Auto-Merging is a retrieval technique that leverages a hierarchical document structure. When a document is too long, it is split into smaller documents or chunks, where we can think of the smaller documents as the children of the original document and the original document as the parent. This results in a hierarchical tree structure where each smaller document is a child of a previous larger document. The leaves of the tree are the documents which don’t have any children, and the root is the original document.
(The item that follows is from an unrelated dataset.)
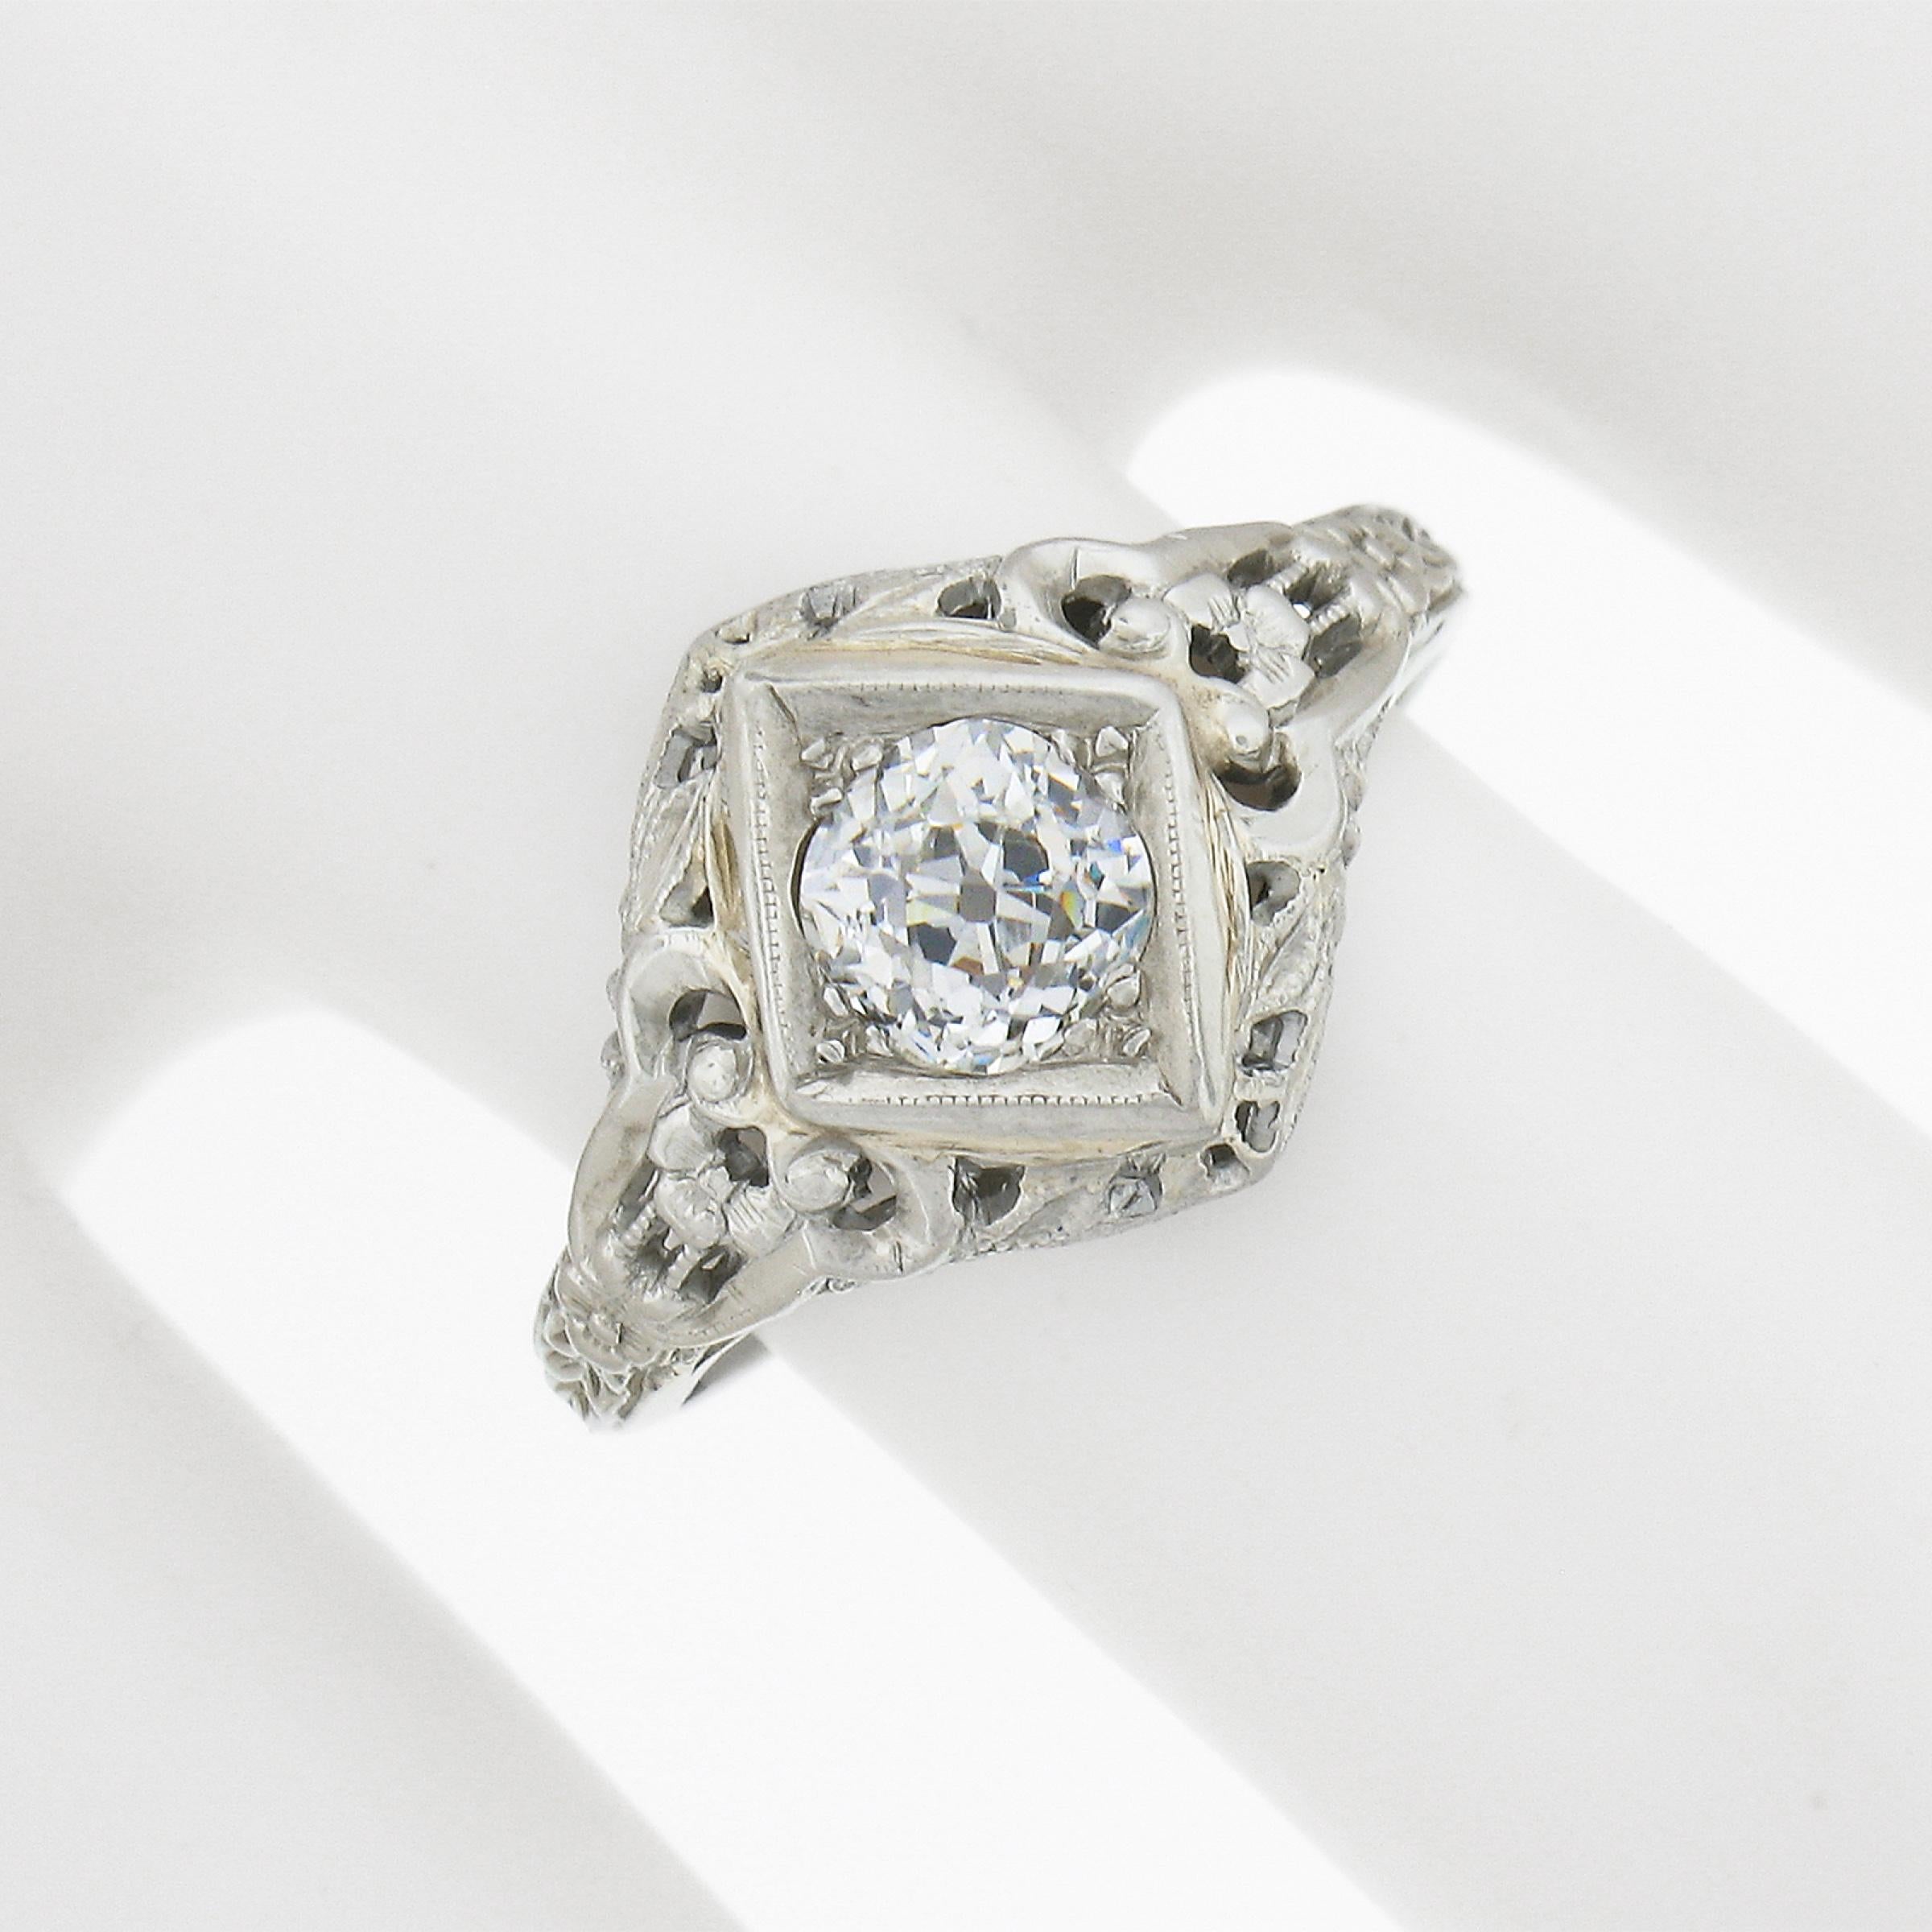 Antique 18k Gold 0.60ct Old Mine Cushion Diamond Floral Filigree Engagement Ring In Excellent Condition For Sale In Montclair, NJ

Auto-merging retrieval is a technique we can use if the parent document is likely to contain more of the relevant context about the information the user is after, in comparison to a subset of it’s child documents. When a query is made, the the retriever will normally return the top_k number of document chunks that are relevant to the query. However, if the number of retrieved document chunks that belong to the same parent document is above a certain threshold, the retriever would return the parent document instead of the individual chunks.

Haystack Components

Haystack implements the Auto-Merging Retrieval with two components:

HierarchicalDocumentSplitter: splits a Document into multiple Document objects of different block sizes, building a hierarchical tree structure where each smaller block is a child of a previous larger block. The init method expects three parameters:
- block_sizes: Set of block sizes to split the document into. The blocks are split in descending order. So, block_sizes of {20, 5} would mean that each ‘parent’ split would be of length max 20, and and each of its children would be of length max 5.
- split_overlap: The number of overlapping units for each split.
- split_by: The unit for splitting your documents.
AutoMergingRetriever: a retriever that leverages the hierarchical tree structure of documents, where the leaf nodes are indexed in a document store. During retrieval, if the number of matched leaf documents below the same parent is higher than a defined threshold, the retriever will return the parent document instead of the individual leaf documents. The init method expects three parameters:
- document_store: DocumentStore from which to retrieve the parent documents
- threshold: Threshold to decide whether the parent instead of the individual documents is returned

Introductory Example

Let’s see a simple example of how the AutoMergingRetriever works. In this example we will use a single document. We use the HierarchicalDocumentSplitter to split the document into chunks, represented by smaller documents, and capturing the hierarchical structure of the document.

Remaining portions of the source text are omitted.